Available data:
· · ·
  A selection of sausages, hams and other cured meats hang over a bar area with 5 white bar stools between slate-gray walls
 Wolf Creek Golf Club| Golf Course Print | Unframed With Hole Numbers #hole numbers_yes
· · ·
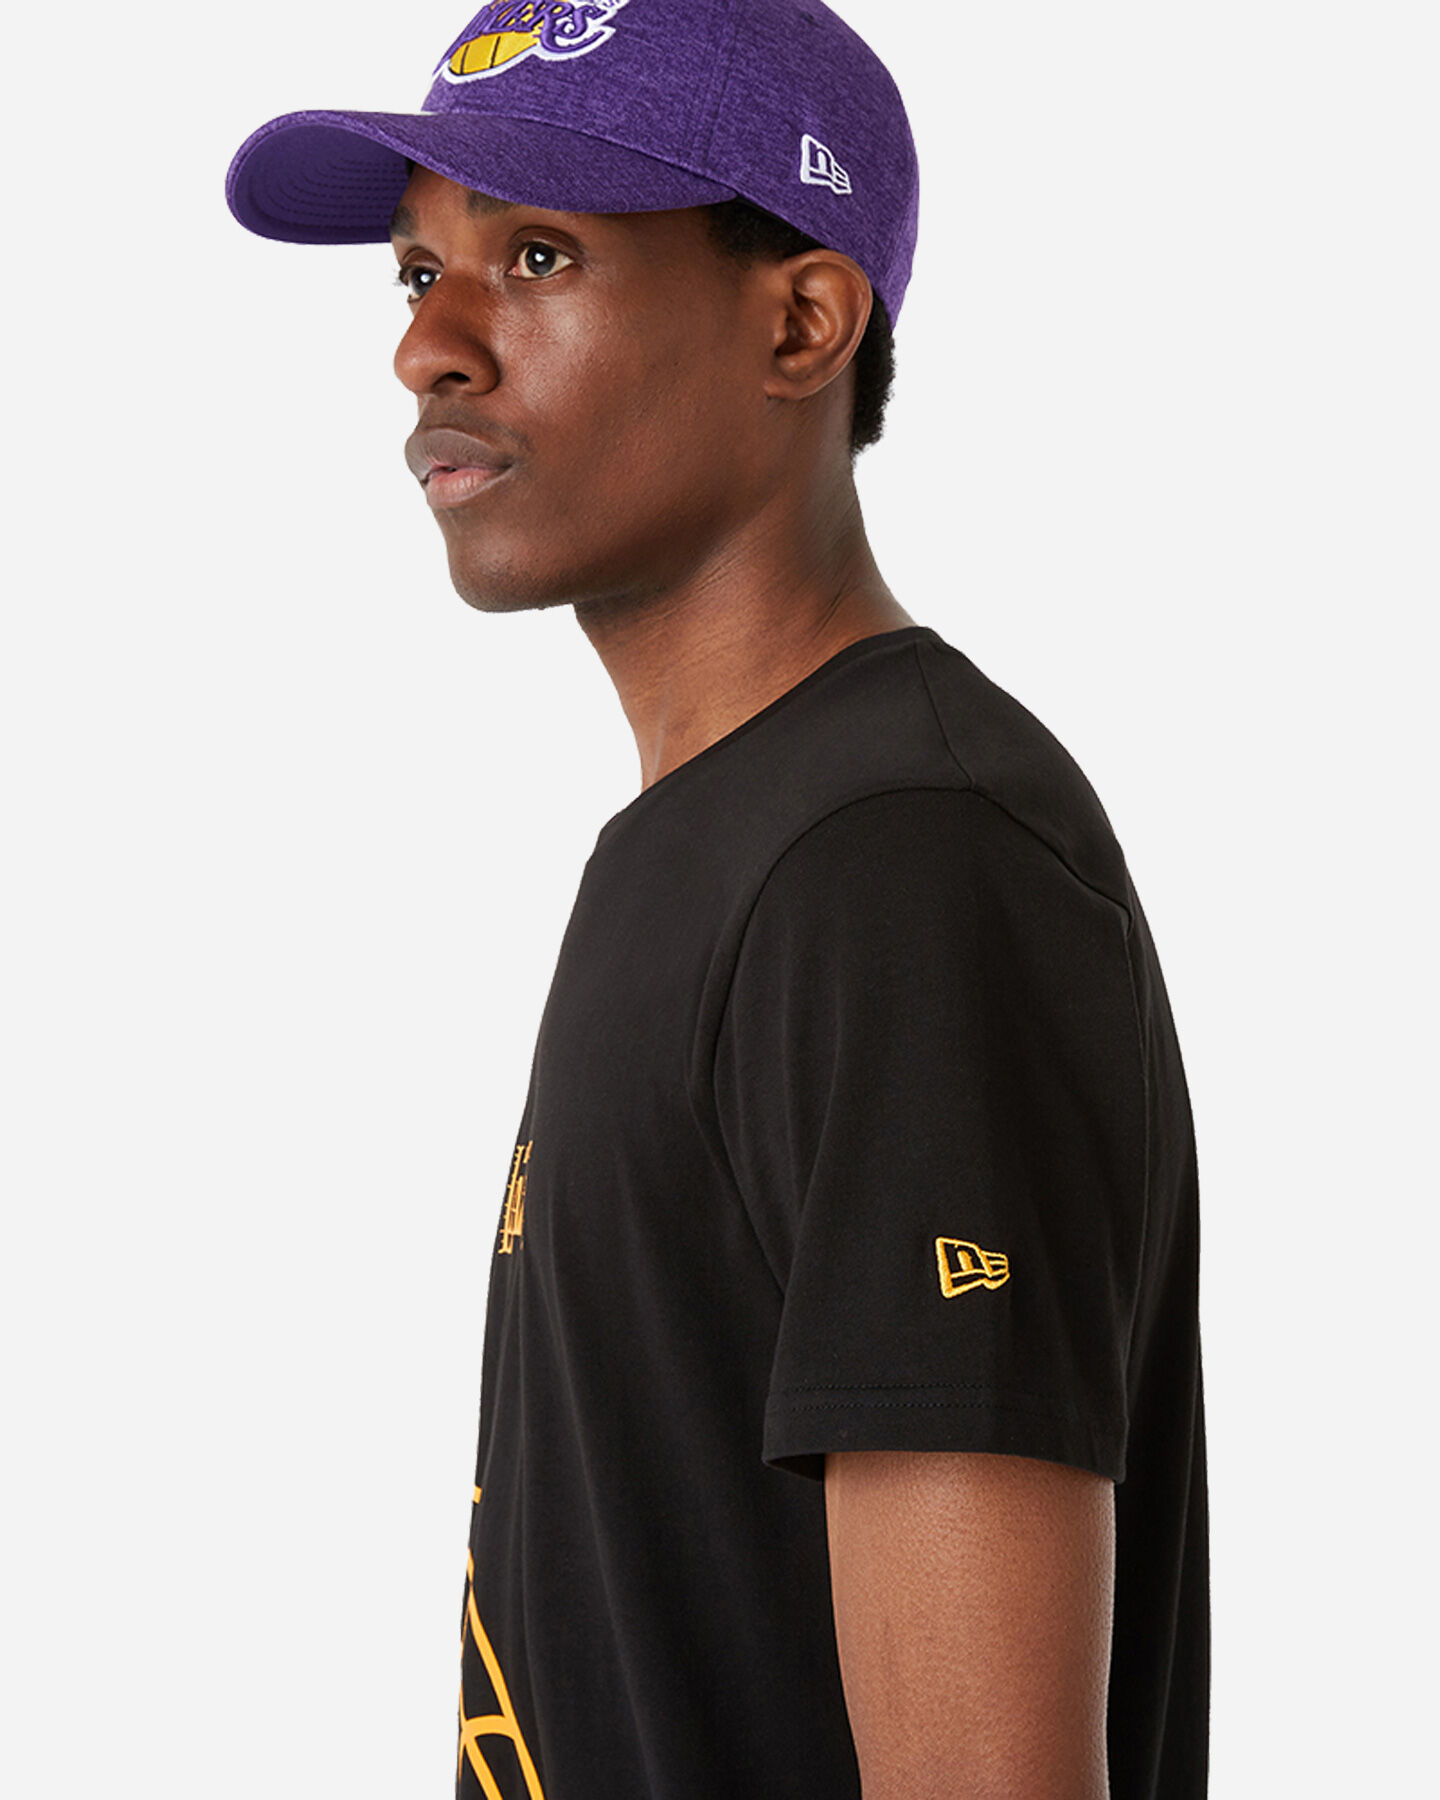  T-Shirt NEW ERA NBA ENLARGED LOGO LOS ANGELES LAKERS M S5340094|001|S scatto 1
· · ·
Task instructions:
Above are the records. Print exactly, and only, the lines from the line with "A selection of" to the line with "Wolf Creek Golf", both inclusive.

The completed task:
  A selection of sausages, hams and other cured meats hang over a bar area with 5 white bar stools between slate-gray walls
 Wolf Creek Golf Club| Golf Course Print | Unframed With Hole Numbers #hole numbers_yes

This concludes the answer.